So weit ich zurückdenken
kann, war meine früheste kindheitserinnerung ebenfalls eine
feier. Ich feierte meinen vierten geburtstag. Großvater
war zufällig zu besuch, und ich hoffte auf ein geschenk
von ihm.
"Opa, heute habe ich geburtstag!" sagte ich.
"Wie alt bist du denn?" wollte er wissen.
"Ich bin schon vier!"
Dabei streckte ich mich so gut es ging.
"Aha", war sein kommentar.
Letztendlich bin ich damals doch um zehn schillinge und eine
tafel schokolade reicher geworden.
Es vergingen die jahre und
auch die "normalmenschlichen" aber sehr lebensformenden
feiern wie matura, hochzeit mit Herlinde, sowie geburt unserer
kinder Birgit und Claus. Ansonsten gab es in meinem leben bisher
keine überaus wichtige feier. Ach ja, der fünfundzwanzigste
tauchgang!
Wir fuhren mit dem boot zu
abu somas garden. Natürlich wußten meine tauchfreunde
bereits von dem bevorstehenden jubiläum. Alle freuten sich.
Sogar der bootskapitän spendierte eine extrarunde heißen
pfefferminztee. Meine tauchfreunde begannen ein großes
palaver und erzählten von ihren hundertfünfzig und
zweihundert tauchgängen.
Steve, ein smarter brite meinte,
daß es anläßlich meines jubiläums eine
überraschung für mich gäbe. Als tauchführer
der gruppe bestimmte er, daß dieses mal ich als erster
ins wasser darf. Ich war gerührt. Trotzdem war es für
mich eine gewisse ehre, da ich wegen der dreimaligen inspektion
meiner kameraausrüstung grundsätzlich immer als letzter
fertig wurde.
Nach dem ankern des bootes
beeilte ich mich mit dem anlegen der tauchausrüstung. Ausnahmsweise
checkte ich die kamera nur einmal und sagte zu meinen freunden
ein paar formelle dankesworte. Dann sprang ich in das wasser.
Viel zu schnell wieder an
der wasseroberfläche hörte ich die komplette mannschaft
brüllen: "Congratulaaaation!!!" Alle lachten.
Sogar der meist finster blickende steuermann grinste über
das ganze gesicht, und seine zähne blitzten in der sonne.
So eine schande, dachte ich und kletterte wieder in das boot.
Ich hatte den bleigurt vergessen! |
Ausgerechnet heute mußte
dieses mißgeschick passieren.
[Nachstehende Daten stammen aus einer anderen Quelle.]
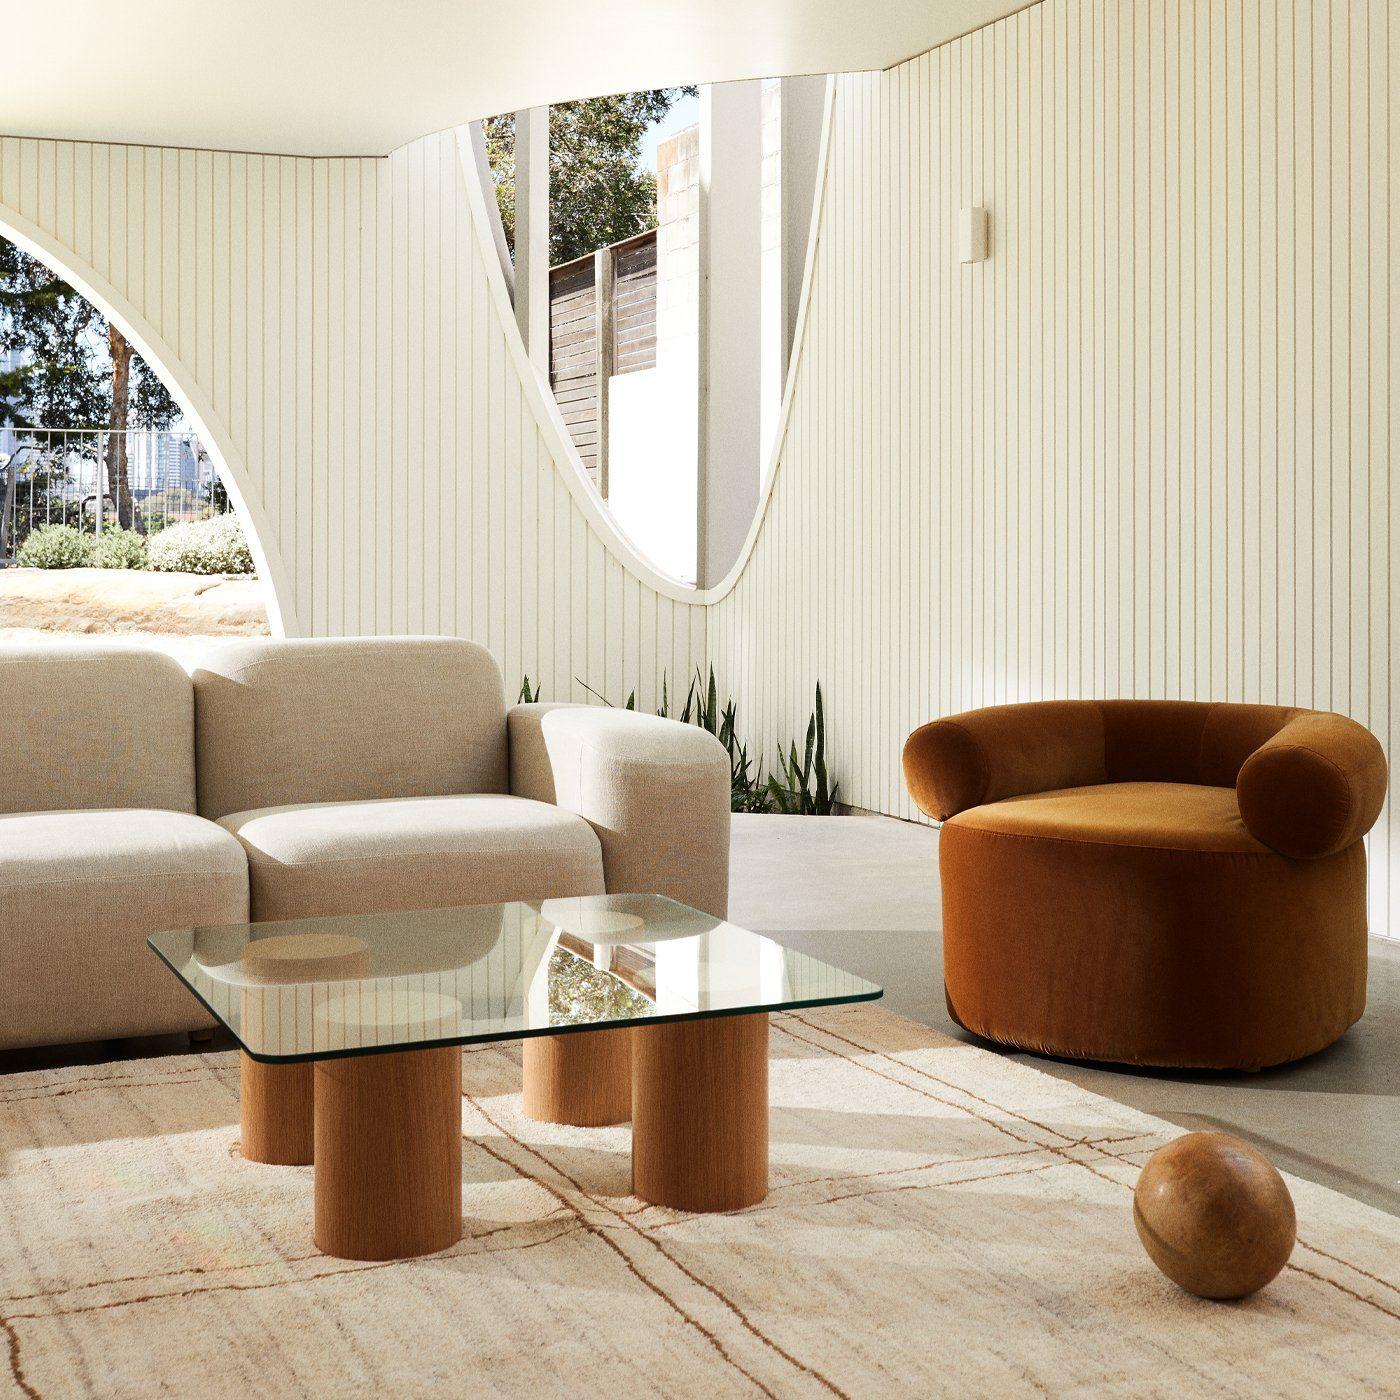 Tide Coffee Table Oak In 2021 Furniture Design Materials Board Interior Design Interior Design Furniture [ 1400 x 1400 Pixel ]

Mein trost war, daß
beinahe jeder taucher irgendwann einmal auf das anlegen des bleigurtes
vergessen hatte. Ohne diesen schwimmt man an der wasseroberfläche
mit dem luftgefüllten gewebe des tauchanzuges wie ein kork.
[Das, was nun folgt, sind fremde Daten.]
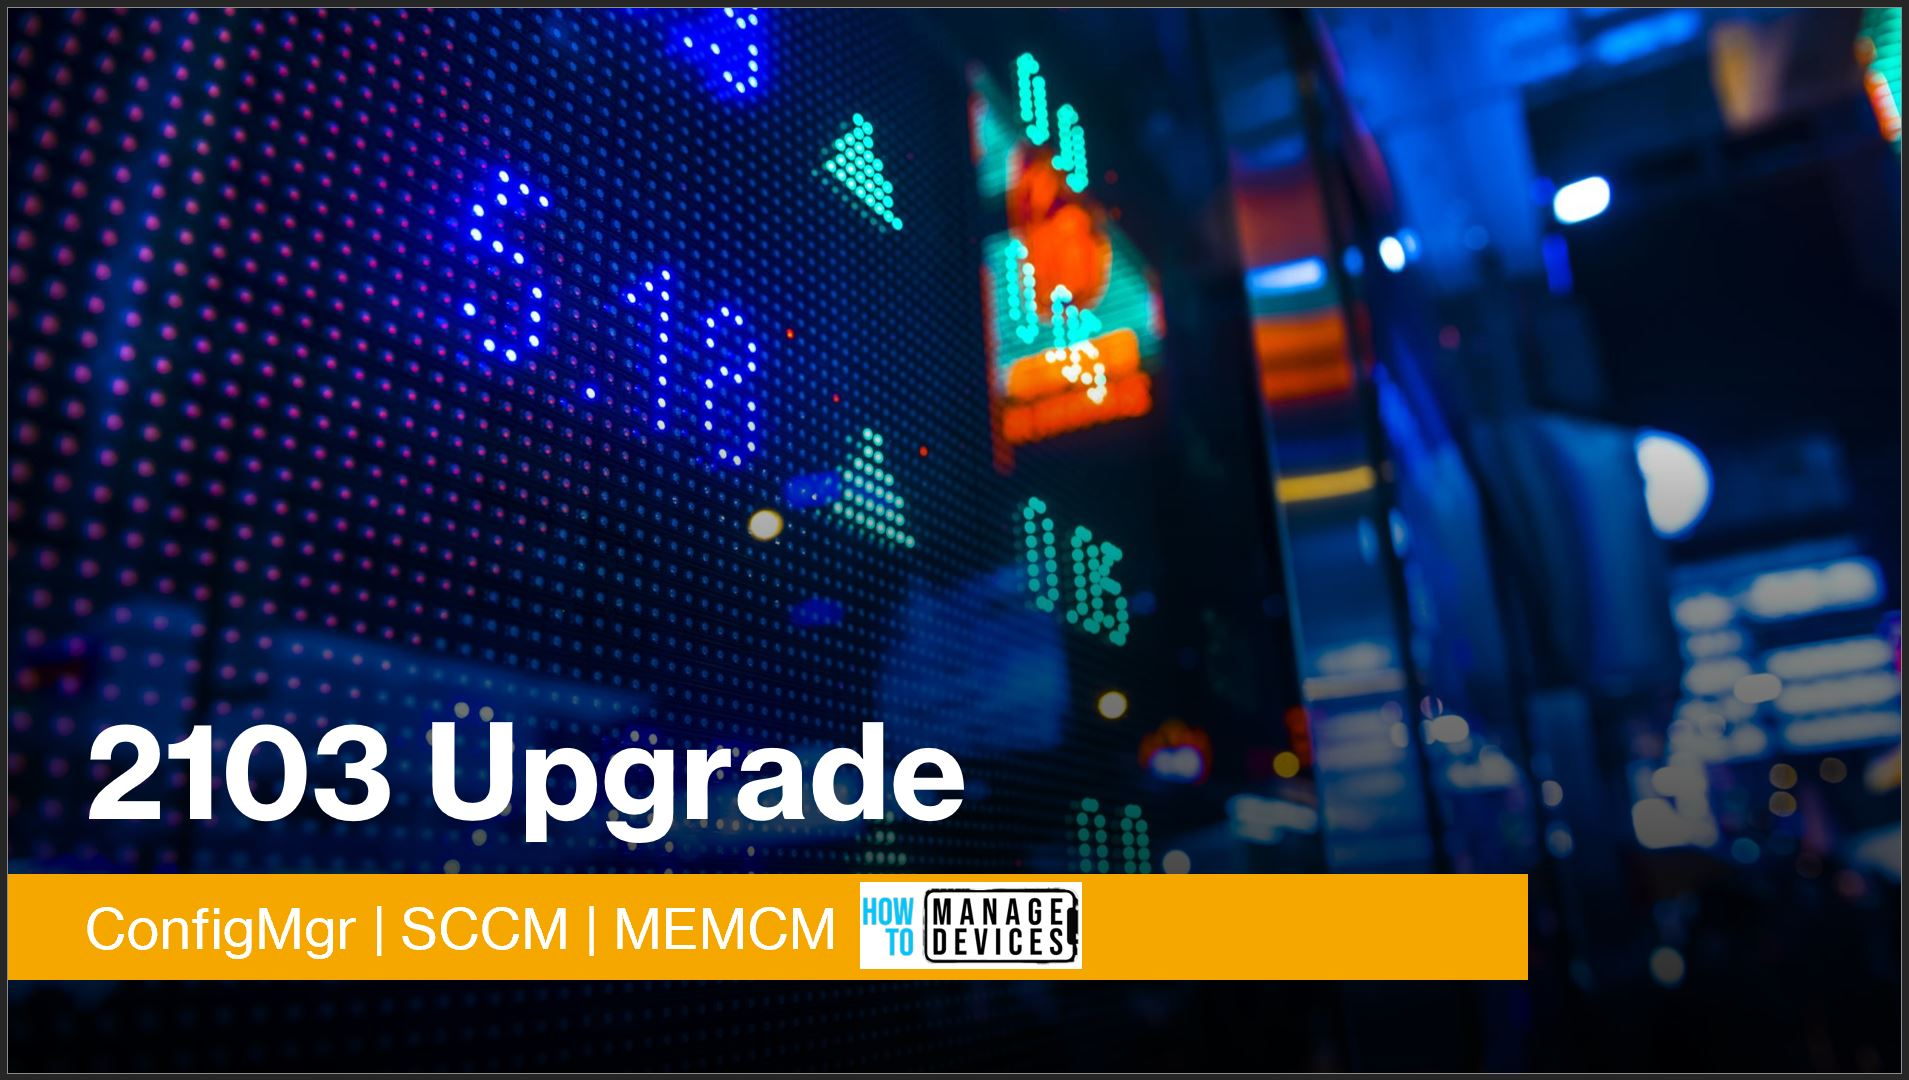 ConfigMgr 2103 Upgrade

Der vorteil ist dabei unsinkbar zu sein, jedoch ein abtauchen
ohne bleigurt ist in diesem fall fast unmöglich.
Nach dieser jubiläumsvorstellung
meinerseits beruhigten sich wieder die gemüter der tauchfreunde.
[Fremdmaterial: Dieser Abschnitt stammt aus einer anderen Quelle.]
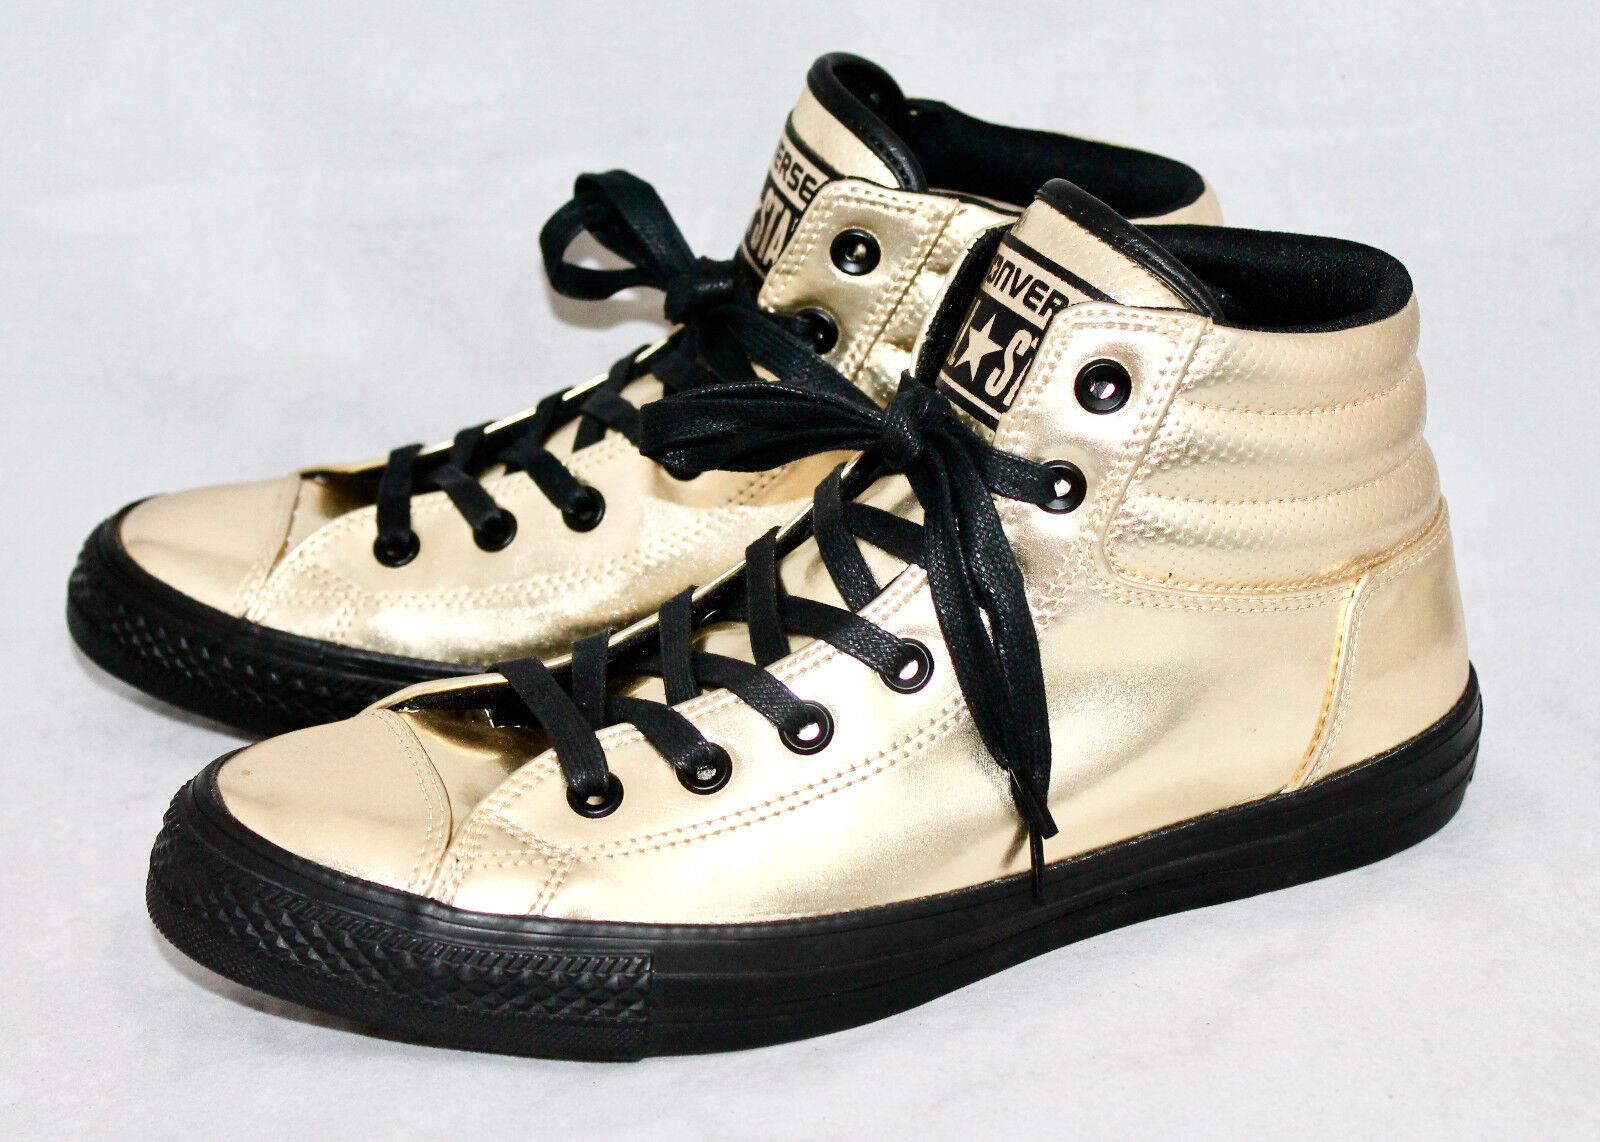 CONVERSE 152659C All Star Fresh Homme 10 Doré Mirror Hi Top Sneakers

Dann sprach Steve wie üblich sein gebet:
"Don´t leave your diving partner and be back on board
with more than fifty bar"
"Amen", antworteten wir im chor.
Vom ersten tauchtage an sprach Steve vor jedem tauchgang diesen
satz. Er sagte es wie das kleingedruckte in einem vertrag. Doch
so unwichtig ist diese ermahnung nicht. Die meisten tauchunfälle
passieren wegen ignoranz dieser wichtigen gebote: Nie alleine
tauchen und rückkehr vor erreichen des reservedruckes in
der preßluftflasche.
Es wurde ein wunderschöner
tauchgang, vielleicht der schönste bisher. Kein botanischer
garten dieser Welt kann sich mit der schönheit des abu somas
garden messen. Dieses hügelige korallenriff vor der küste
Safagas befindet sich in zehn bis zwanzig Meter Tiefe und ist
überall mit verschiedenstem korallenwuchs bedeckt. Und zwar
so vollständig, daß nirgends freier meeresboden hervorstand.
Keine dieser teilweise filigranen und zerbrechlichen korallen
war beschädigt oder abgebrochen. Sogar die fische wirkten
hier frischer und jünger.
Das schöne beim tauchen
ist der umstand, daß keine vorgegebenen wege die bewegungsfreiheit
einschränkt. Ich schwebte über diese hügelige
landschaft wie ein adler in seinem revier. Hier waren tatsächlich
fast nur jungfische, welche wegen der vielen und dichten korallen
ein ideales aufwuchsgebiet hatten.
Da erblickte ich in vier metern
entfernung einen roten fleck auf einer hellen steinkoralle. Ich
tauchte näher und entdeckte einen ganz jungen skorpionfisch.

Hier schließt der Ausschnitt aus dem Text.